Видимо, поэтому он не стал больше сопротивляться Серёжке, значит, и тот заразился особой болезнью – одержимостью, и никакая профилактика, никакие уговоры не изменят выбор. Он попытался успокоить Надежду, сказав, что и в авиации люди живут и работают. Правда, трудно свой хлеб добывают, – один раз Михаил Петрович был на военном аэродроме и обратил внимание на лётчиков, завершивших полёт, – у них форменные рубашки под высотными костюмами хоть выжимай, вода сочится, – но честно и благородно. А где он нынче лёгок, труд-то?

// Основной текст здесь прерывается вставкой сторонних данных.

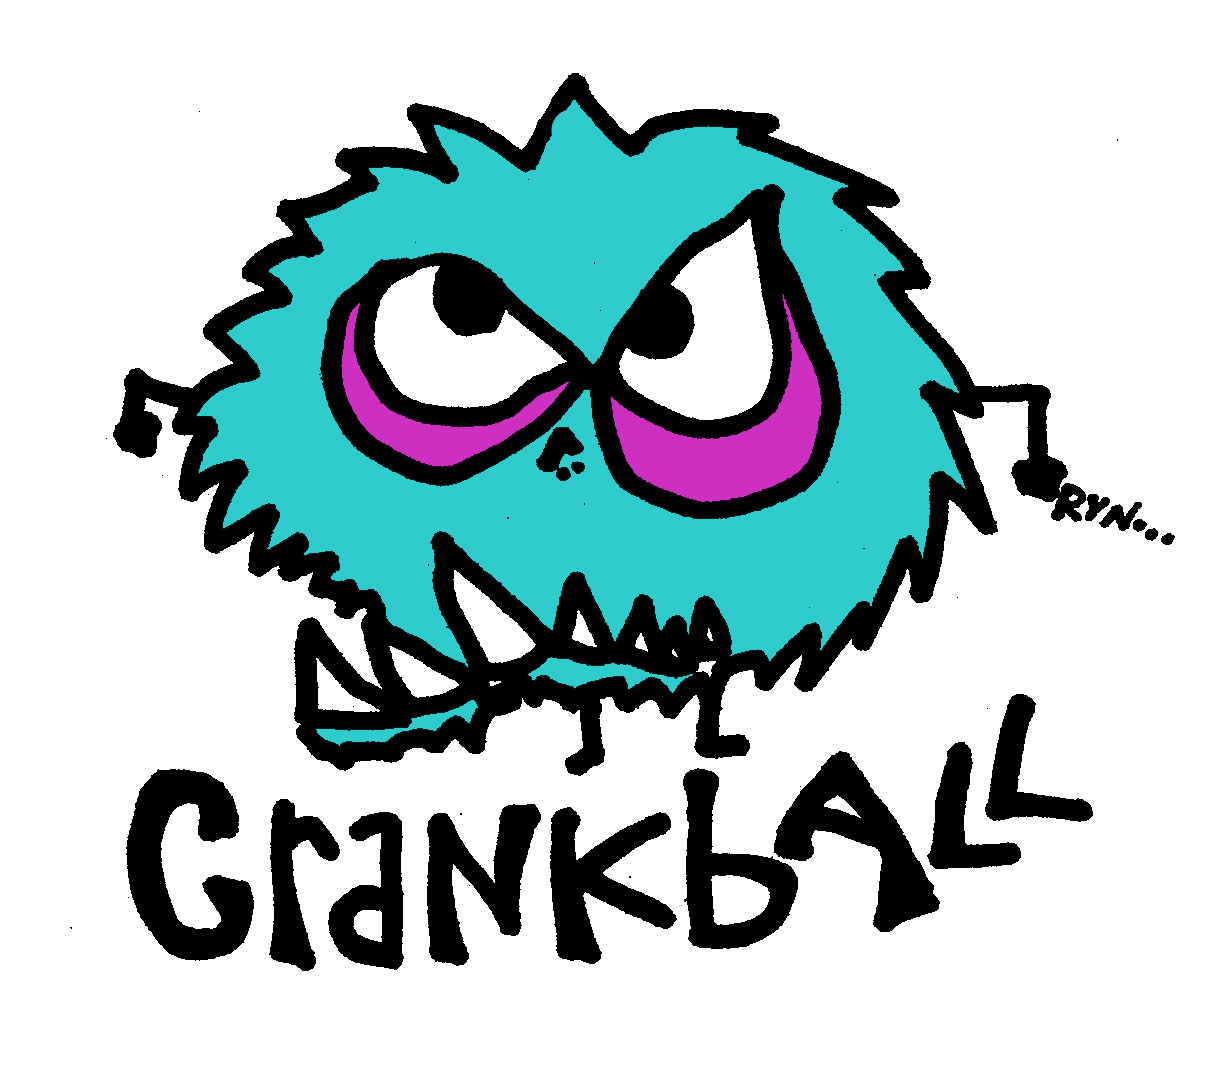 jiminy crankball cause of crankiness

…На секунду мысли отошли в сторону – надо ехать… Может быть, и эти все воспоминания – своего рода тормоз, невидимый сдерживающий поводок для того, чтобы продлить пребывание в родных стенах.

Он присел на диван – Надеждина привычка присесть на секунду перед дорогой передалась и ему. Михаил Петрович считал себя человеком без предрассудков, без страха и суеверия, но вот эта маленькая традиция, неизвестно кем и для чего выдуманная, им почиталась как непременный ритуал, как какой-то языческий обряд.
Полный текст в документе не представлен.